Exactly the lines below starting at the line with "3D iPhone Wallpaper" and ending at the line with "Solace London Nia Maxi Dress - Blue" are wanted, with both ends included. Leave out the pictures and add no other lines.

Supplied data section start

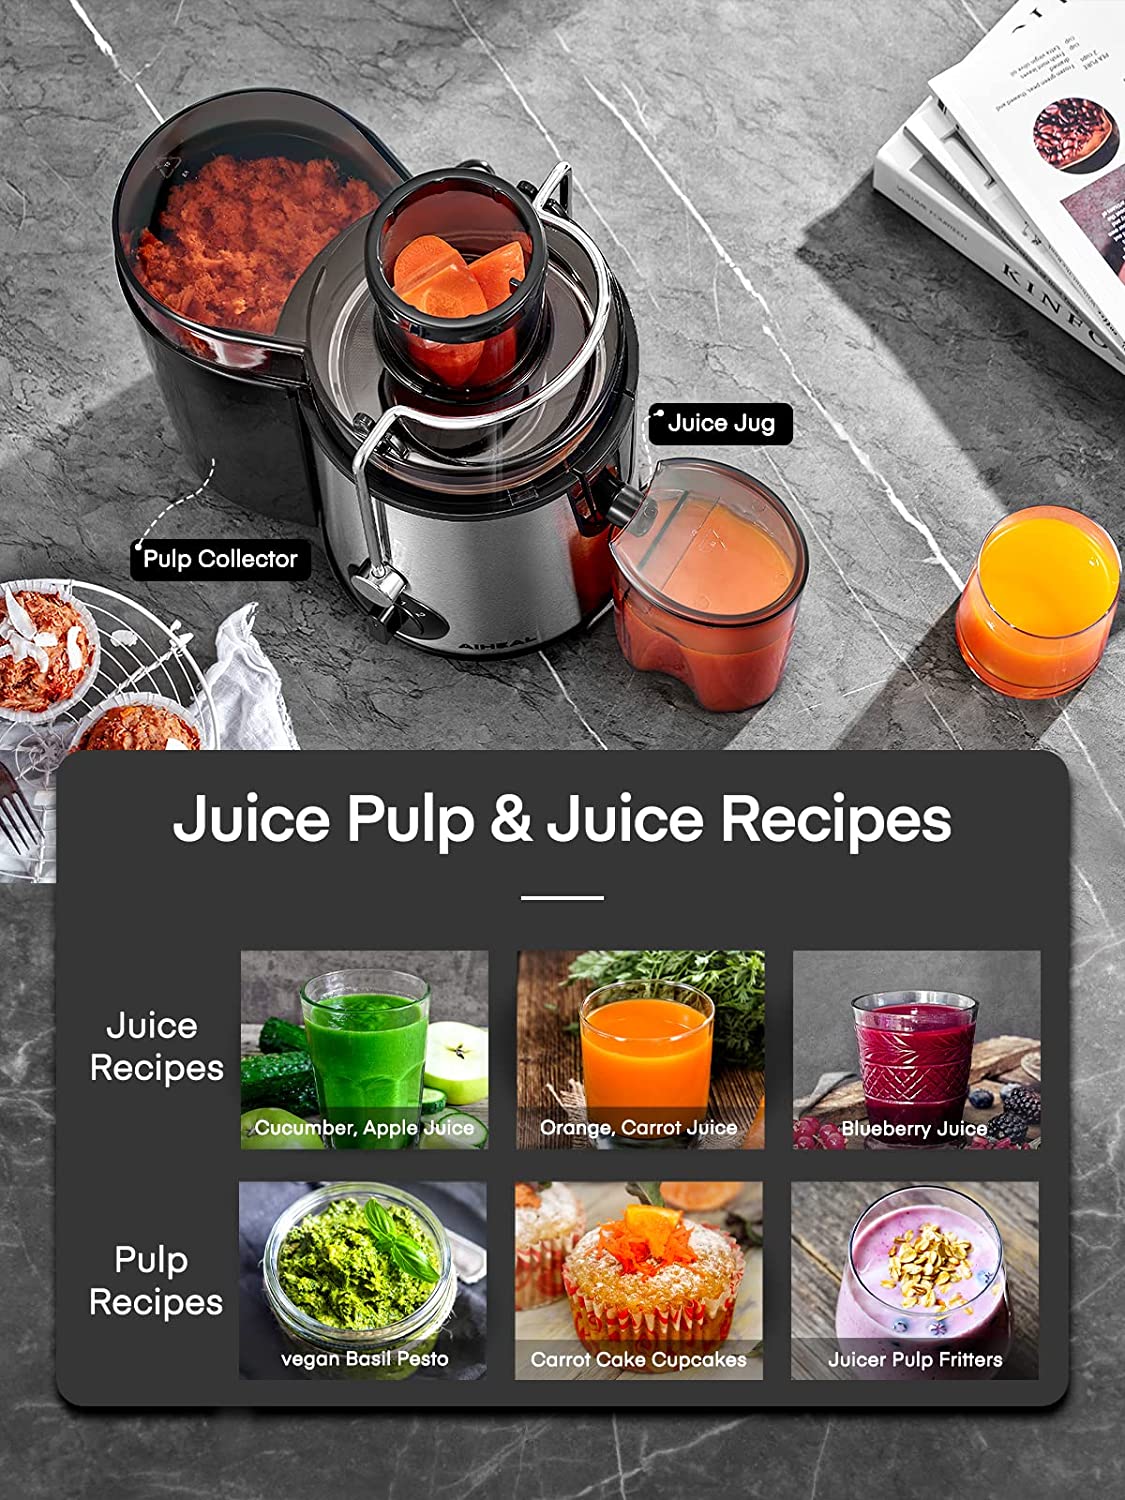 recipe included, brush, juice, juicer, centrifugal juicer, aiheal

Supplied data section end
Supplied data section start

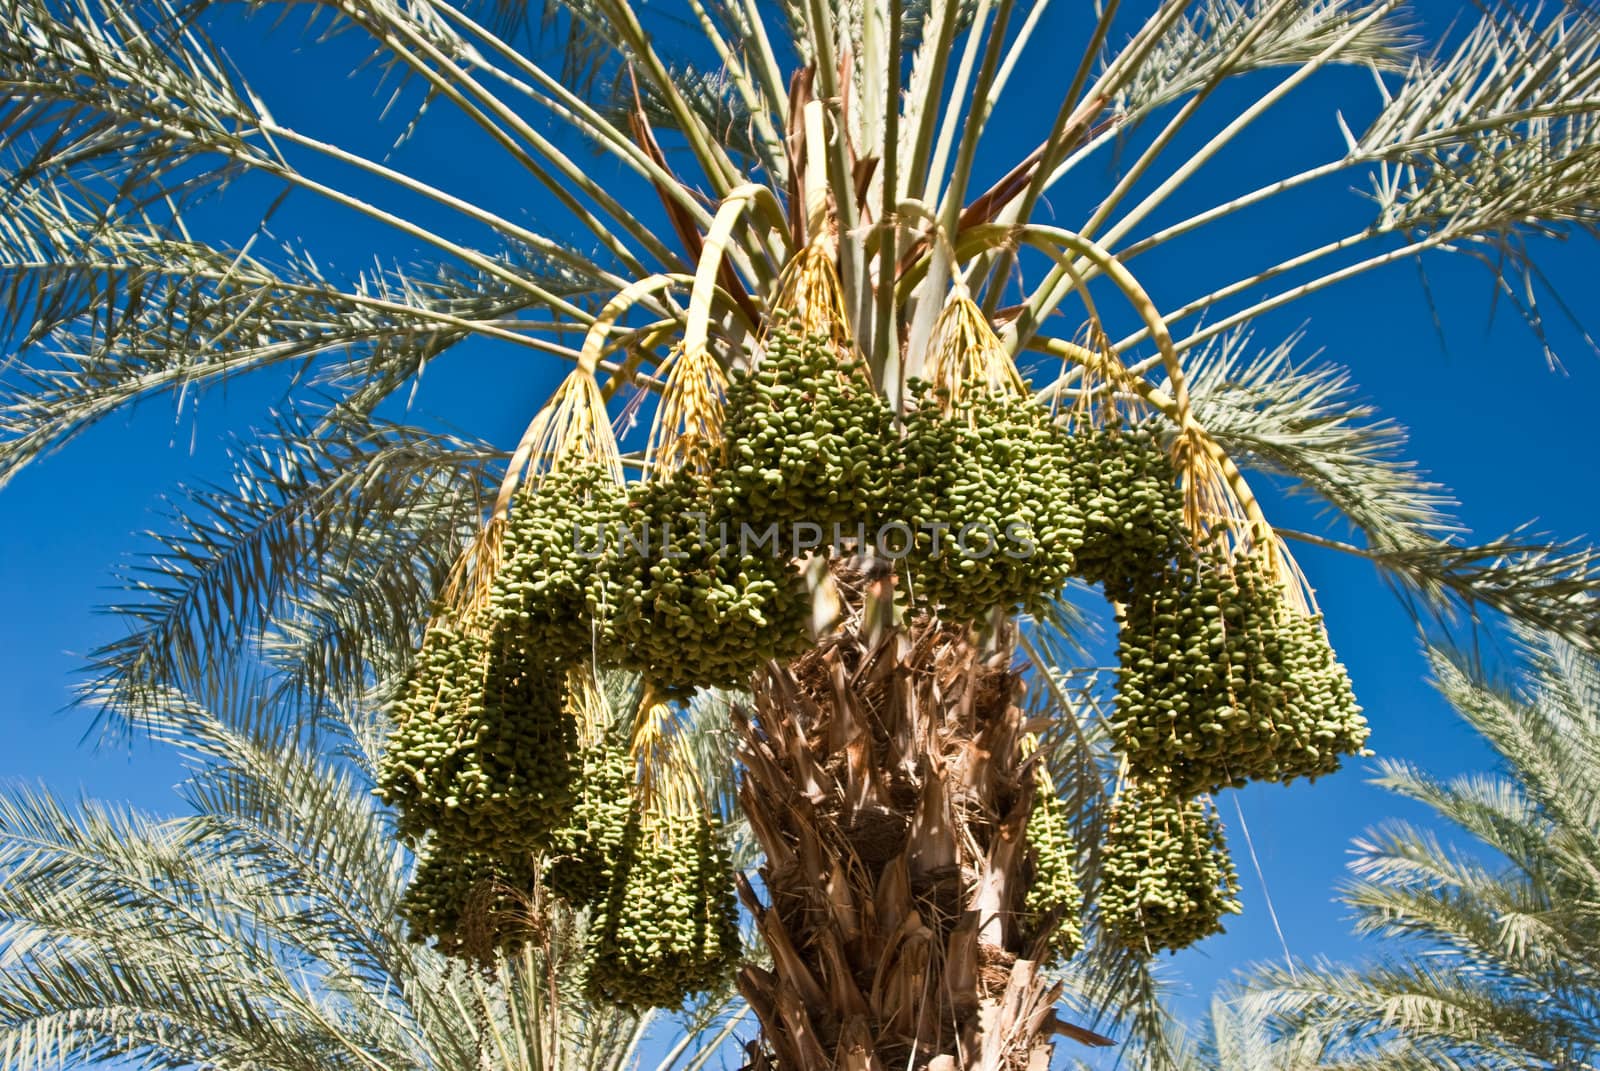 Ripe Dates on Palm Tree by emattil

Supplied data section end
Supplied data section start

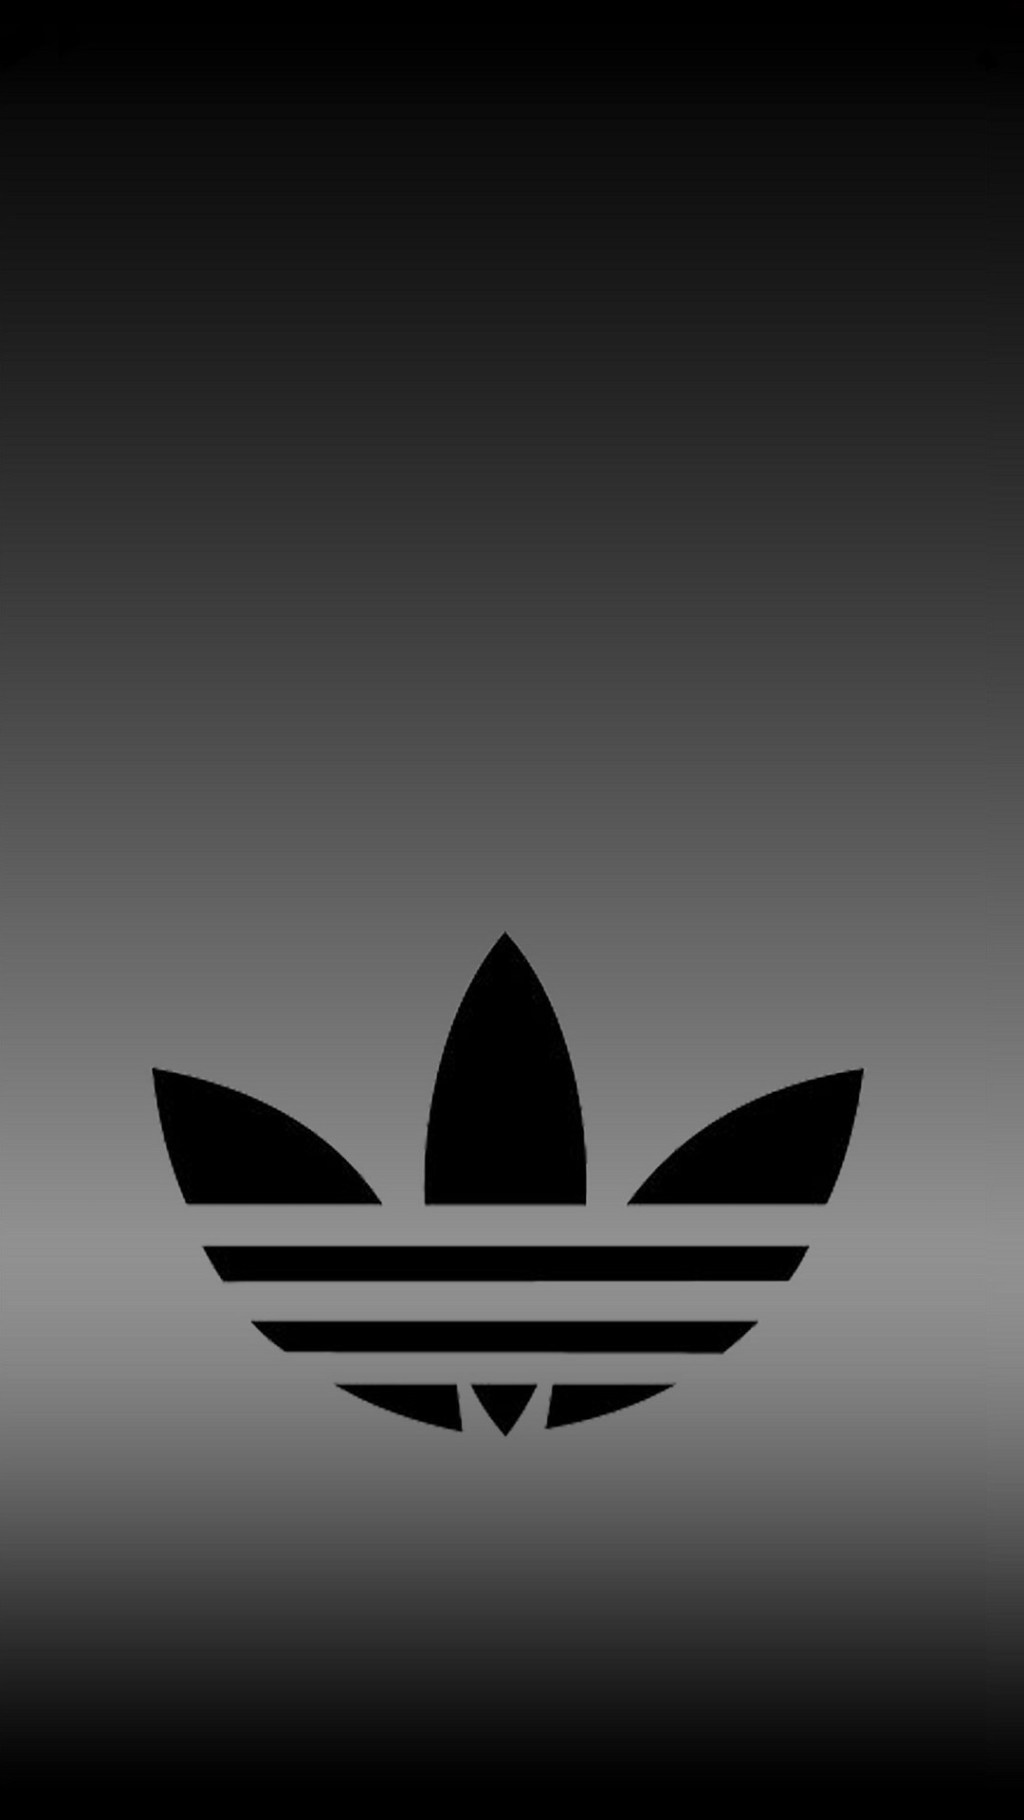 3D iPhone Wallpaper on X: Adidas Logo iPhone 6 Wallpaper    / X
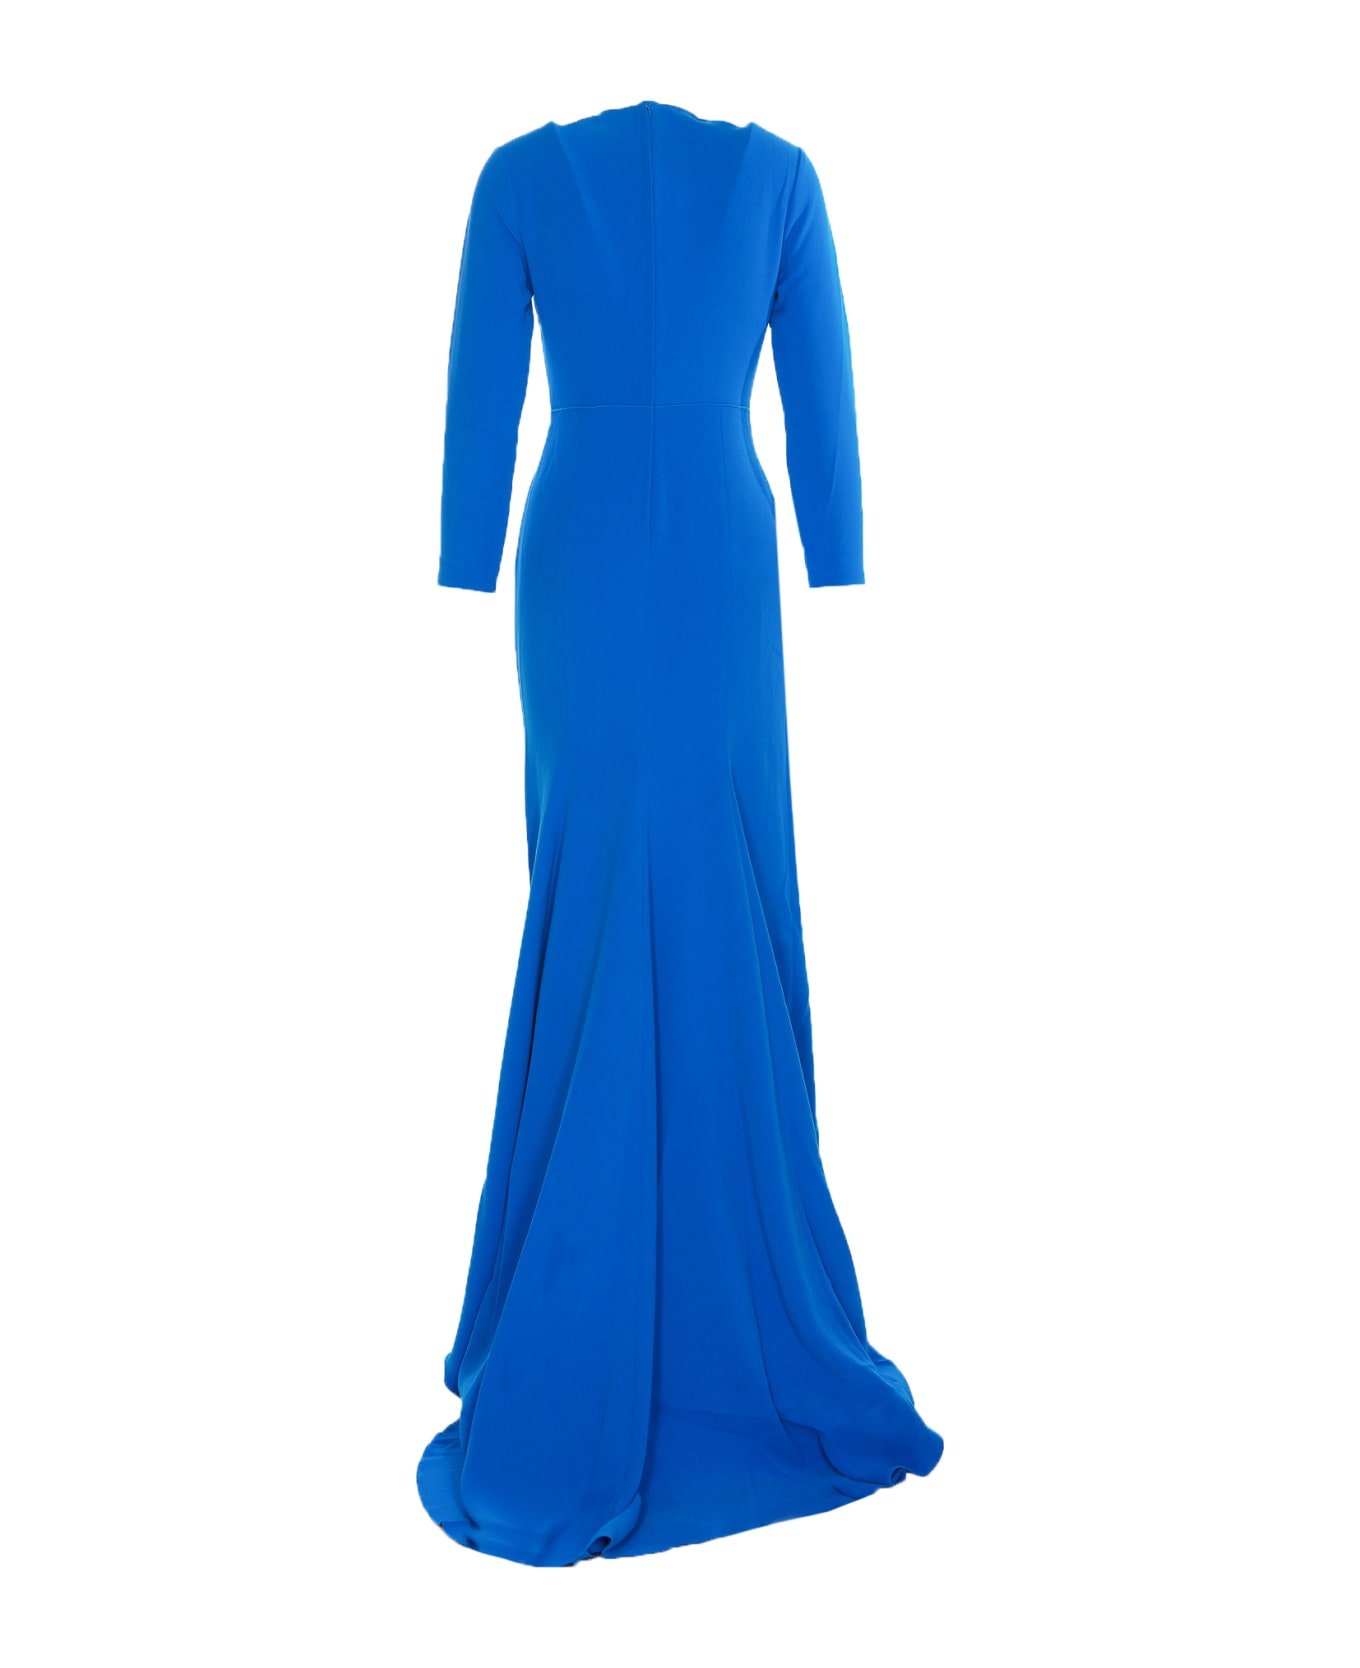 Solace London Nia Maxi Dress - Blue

Supplied data section end

▶ Task solution
 3D iPhone Wallpaper on X: Adidas Logo iPhone 6 Wallpaper    / X
 Solace London Nia Maxi Dress - Blue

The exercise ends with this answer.